李氏處于極大的恐懼中,她怎么能今后一輩子都被禁足,想到她一輩子無法過上金尊玉貴的生活,手邊還沒了兒子,那般的日子她怎么可能過得下去。
看著爺頭也不回的走出屋門,李氏趕緊撲到福晉腿邊,哀求道“福晉,求您給奴婢求求情,奴婢是被冤枉的。”
福晉看向她,突然就笑了,“冤枉嗎再求下去說不定你就得向年妹妹夭折的孩子道聲冤枉了。”

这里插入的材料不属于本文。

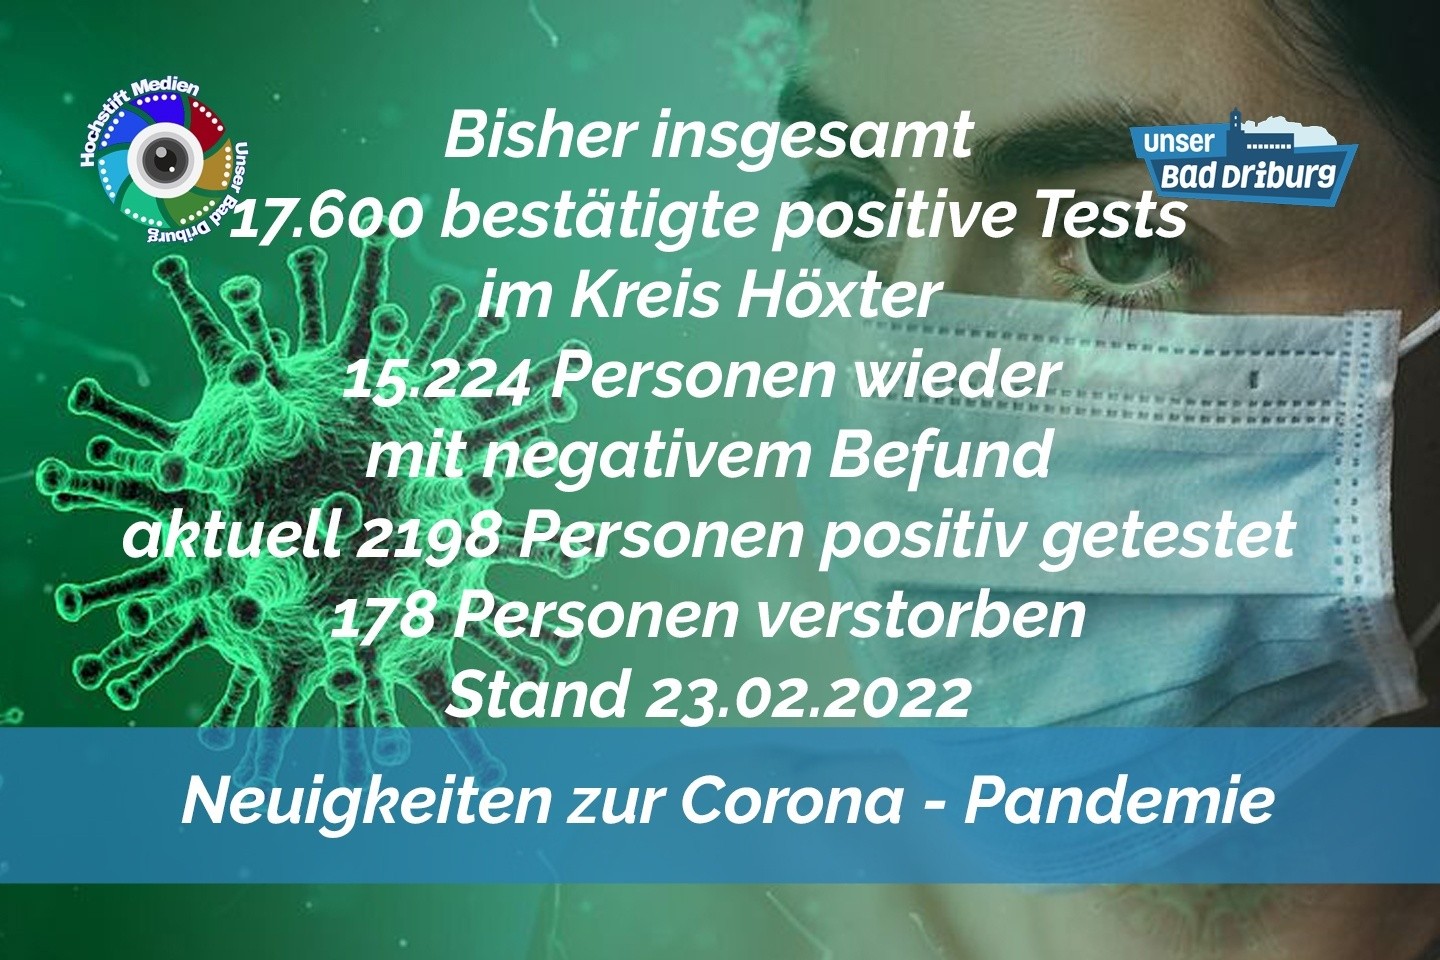 Update 23. Februar 2022: 364 weitere amtlich positive Tests im Kreis Höxter

年氏這一族人可不是好惹的,年氏失了一個孩子,還是心心念念的阿哥。李氏是爺的侍妾,他們動不了,可李氏還有一家充做幫兇的娘家人啊。
“你好自為之吧,蘇培盛。”福晉厲聲道。
“是,福晉。”蘇培盛點了點頭,朝身旁的奴才使個眼神,那些奴才趕緊上前架住了李氏,福晉方得從中脫身,頭也不回地離了屋。
李氏只覺得腿軟的很,怎么這事情變化的如此快,她當初是為何才想到這樣的法子,不但毀了自己還算如意的日子,還把自己推進無邊的煉獄中。
就算當不得側福晉,她也有庶福晉的身份在,也是后院格格不可及的所在,她怎么就糊涂做出這事
李氏這事處理的很快,聽說似乎是到了一個莊子上禁足。
說是禁足,不過是另類的囚禁罷了,在場的侍妾們都明白這一點。
因此在請安之時,均有意無意的提到了李氏。
“福晉您說李姐姐還當得庶福晉嗎”蘇氏眼里的野心簡直明晃晃擺在明面上,也顧不及收斂一些了。
“自然是當不得了。”武氏笑了笑,她是院里格格之中資歷最深的一人了,若說庶福晉之位,有福晉的偏袒,何嘗不能謀求。
“說的確實如此。”薩克達氏心想李氏最好的貢獻當屬于自個兒落敗,空出了位子。
福晉沒心思參與進去,年氏那邊的事還沒有處理好,這些后院的格格倒是一個個惦記起李氏的位子了,也不看看現在是什么時候。
還有弘時也一大早過來吵得她頭暈腦脹,就是為了給李氏求情,在得知自己額娘干出的好事之后,總算有片刻閉上了嘴,直說額娘是被人冤枉的,母子倆真是如出一撤,李氏養的好兒子啊。
對比別楚克,福晉是真心為這個養女心疼了,就算李氏未曾有一刻惦記她,她還是向阿瑪給李氏求情了,不然李氏也不會只是僅僅被禁足這么簡單,在莊子上該有的份例也有,即便如此,李氏還是整天哭,不肯承認自己的過錯。
那便讓李氏繼續哭去吧,年氏這邊都還沒找她算賬。
福晉心里冷笑一聲,側過頭去問起年側福晉之事。
一旁的奴才小聲說道“奴婢剛剛聽說年側福晉醒了。”
“可把那些賞賜給了年側福晉”
如今朝廷局勢越發混亂,家丑之事不可外傳,否則連皇阿瑪都會認為爺連這些小事都處置不好,如同當初的誠親王一樣。
所以只能暫時委屈年側福晉了。
“福晉放心。”婢女點頭。
而這邊慢慢轉醒的年氏,如晴天霹靂般知道了自己孩子沒了的事,頓時一股氣涌上心頭,差點又暈過去,好在一旁有府醫看顧,才相安無事。